> [Goal of the exercise]: Below, some lines carry pictures; leave those pictures out and retype exactly the lines from the one with "mcdonald’s spices up" through the one with "Tsavorite earrings yellow".

> [Dataset excerpts]:
[Start of Attachment]
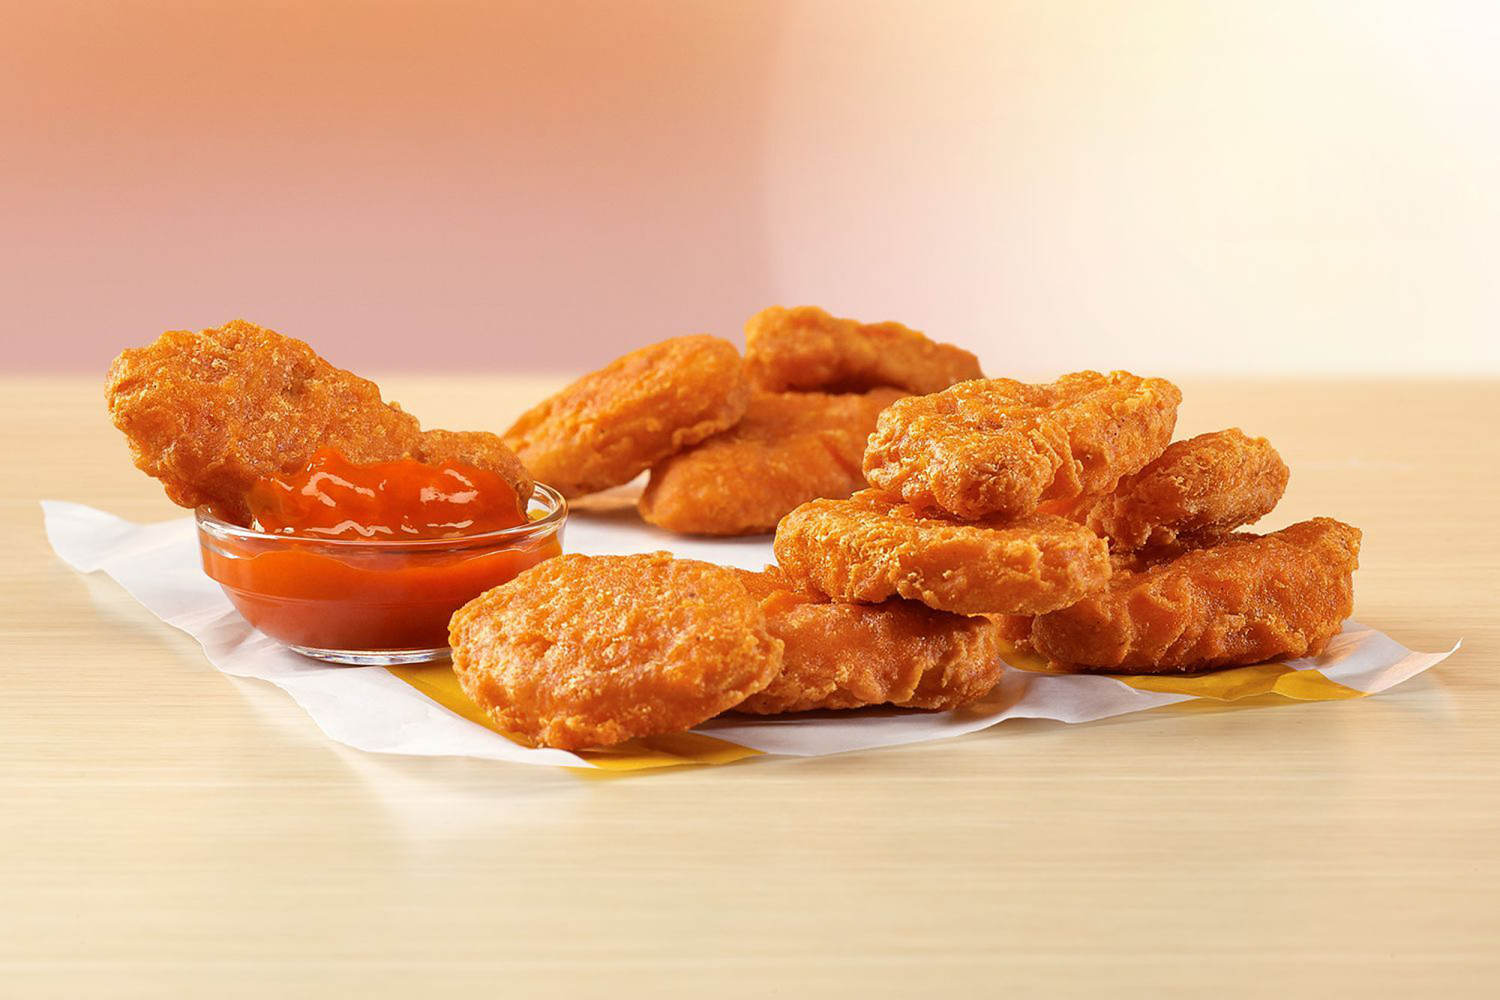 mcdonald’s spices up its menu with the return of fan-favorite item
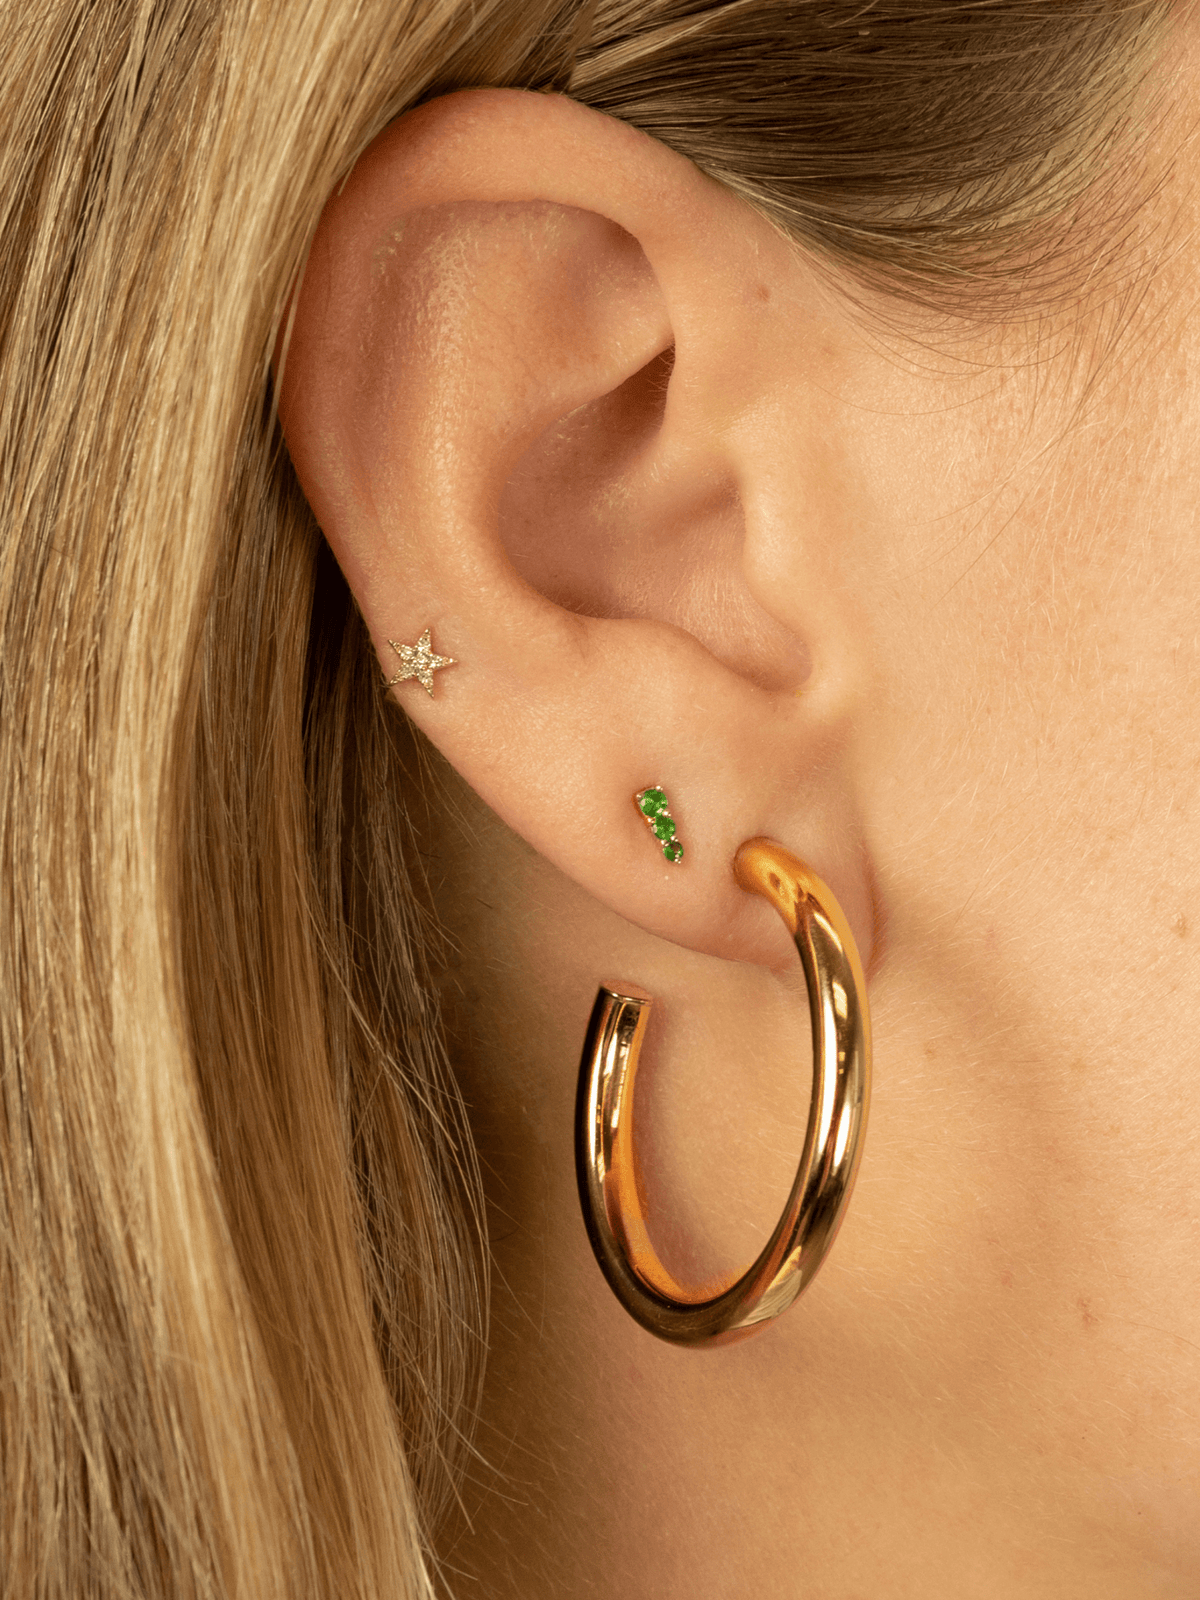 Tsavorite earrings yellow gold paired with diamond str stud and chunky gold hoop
[End of Attachment]
[Start of Attachment]
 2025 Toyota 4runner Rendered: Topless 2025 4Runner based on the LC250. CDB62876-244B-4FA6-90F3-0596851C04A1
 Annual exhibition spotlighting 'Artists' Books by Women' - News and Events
[End of Attachment]
> [Problem solution]:
 mcdonald’s spices up its menu with the return of fan-favorite item
 Tsavorite earrings yellow gold paired with diamond str stud and chunky gold hoop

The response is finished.